И величественным мановением руки указал двери.

IV. Примирение

Несть дражайшая сладость, паче мира и любви к присным твоим.


Стремительный выход из рабочей государя оставил, как мы видели, князя Василия на месте, там же в палате, крепко запертой сильным размахом руки Иоанна. Не зная, уходить ли ему или дождаться возвращения монарха, князь Вася остался посреди комнаты, в нерешимости смотря на дверь. Вдруг слышит он, входят с противной стороны и нежно так называют его по имени. Он оборачивается. В слезах, но не горьких, а каких-то торжественных, благодарных, теплых и восторженных, бросается к нему в объятия княжна Федосья Ивановна, уже совсем развившаяся из ребенка в девушку. Полная приятности, она сохранила ту же былую наивность, с которою высказывала все, что начинало волновать ее теплое сердце.

– Васенька, голубчик мой, чем мне благодарить тебя за то, что ты спас батюшку! Всю жизнь готова я служить тебе рабски за эту великую твою услугу. Дай расцеловать тебя, ненаглядный мой! Ты похудел, Вася, но ты тот же добрый наш Вася, с которым мы игрывали при няне, княгине Авдотье Кирилловне. Нет ее, моей голубушки!.. Много она плакала о тебе, Вася… и мы с нею. И маменька плакала… Кабы ты знал, Вася… что у нас сделалось? Маменька заперта; батюшка прогневался на Васюбрата за то, что Стромилка, негодяй, подбил ево ехать на Вологду… бунтовать, говорят бояре… Послушай, скажи, Вася, что это за слово «бунтовать»? Это нехорошо?.. Коли батюшка прогневался так и на матушку… держат в терему, взаперти, никово не пускают… и меня даже… Вася наш бедный сидит на казенном дворе… за приставы, говорят. Вот что, голубчик Вася, у нас подеялось! Много всяких чужих людей к нам навели в терем… Как я рада, что тебя вижу… И батюшка к тебе милостив… может… Бог даст, опять мы будем вместе все, дорогой Васенька… и матушка… и Вася-брат.

И повисла на шее старого друга, с которым выросла в тереме, за восемь лет разлуки сохранив к нему теплоту чувства, воспринятого незаметно, но окрепшего в долгие годы удаления. Тогда имя Васи не сходило с уст и княжон, и княгини великой, вторя понятным, всеми ими разделяемым ощущениям да тоске грустной матери далекого изгнанника.

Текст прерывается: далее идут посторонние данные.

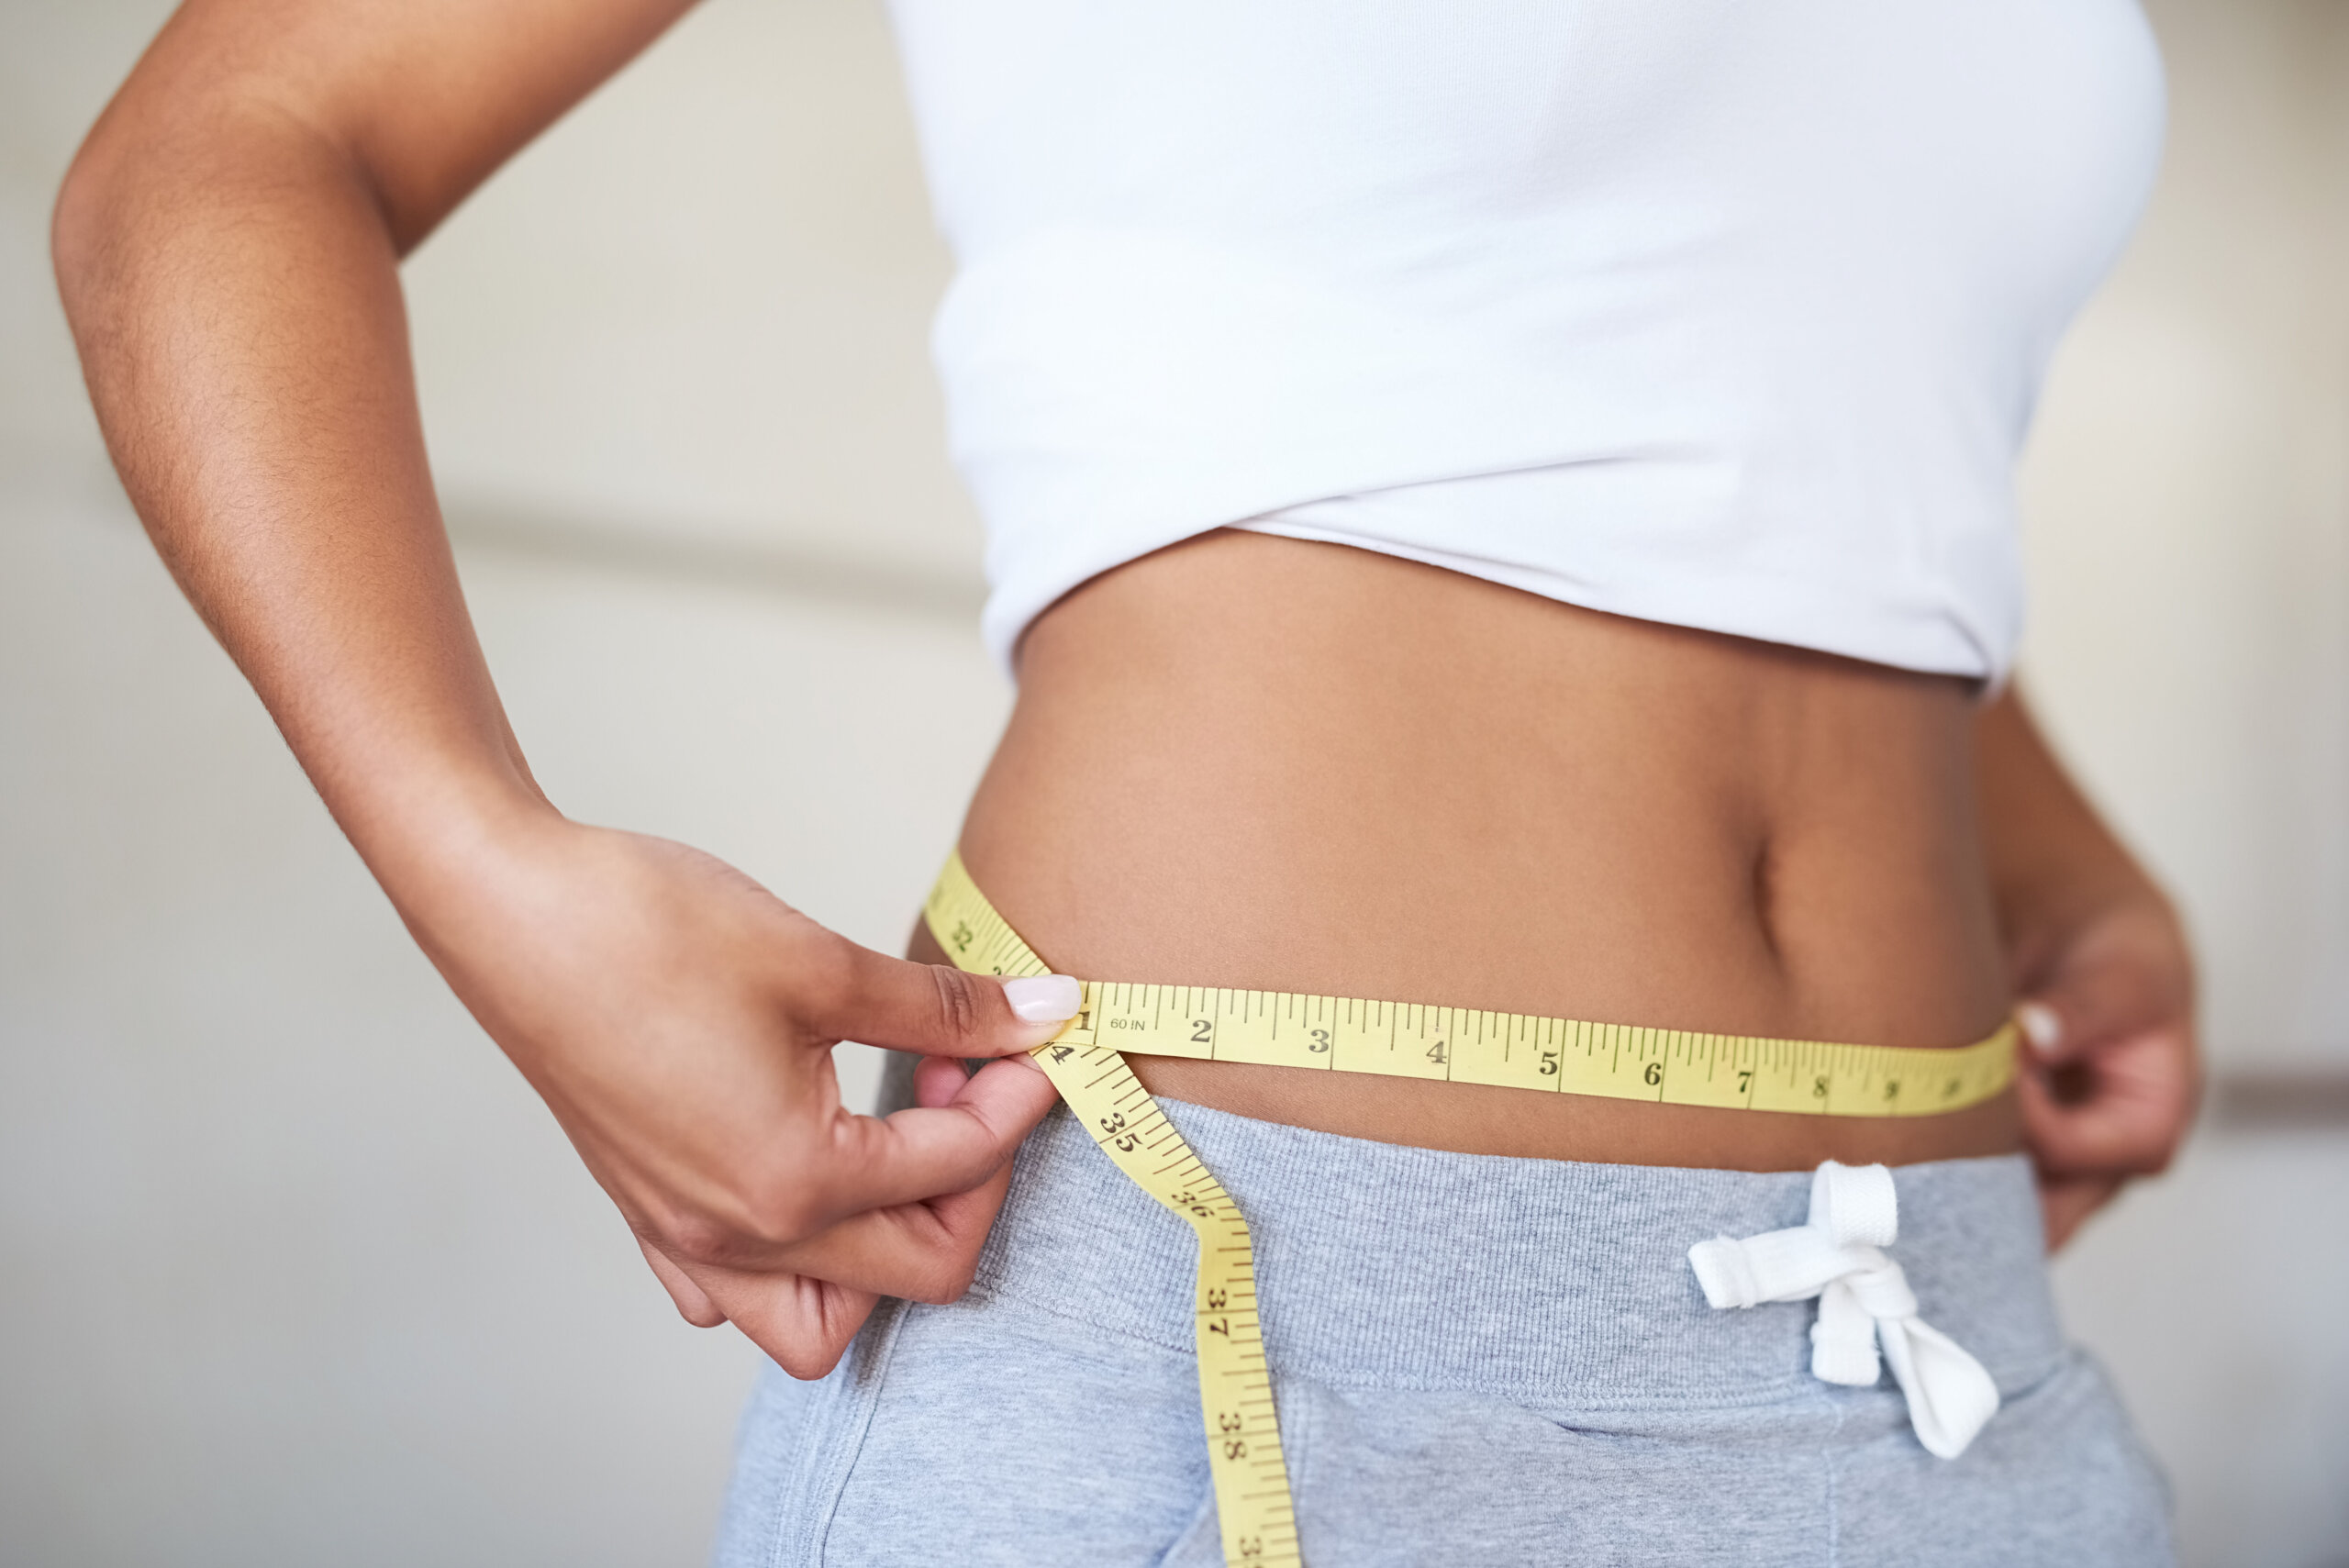 How to Lose Belly Fat the Healthy Way

Княжна Федосья Ивановна, вся предавшись теплому чувству приязни к явившемуся неожиданно участнику детских игр, увлекла и его своим восторженным пылом до полного забвения условий этикета. Ни князь Холмский, ни дочь Иоанна не думали нисколько, чтобы в их задушевной беседе и дружеских ласках было что-либо подлежащее неодобрению. Тем более им в голову не могли прийти гневные упреки, обрушившиеся над головами счастливцев, предавшихся чистой радости свидания, для обоих, как оказалось, имевшего одинаковую цену.

– Что это? – загремел над ушами Васи и Фени грозный вопрос государя, когда, войдя в свою рабочую, он увидел дочь свою, дружески обнимавшую молодого посла-воеводу.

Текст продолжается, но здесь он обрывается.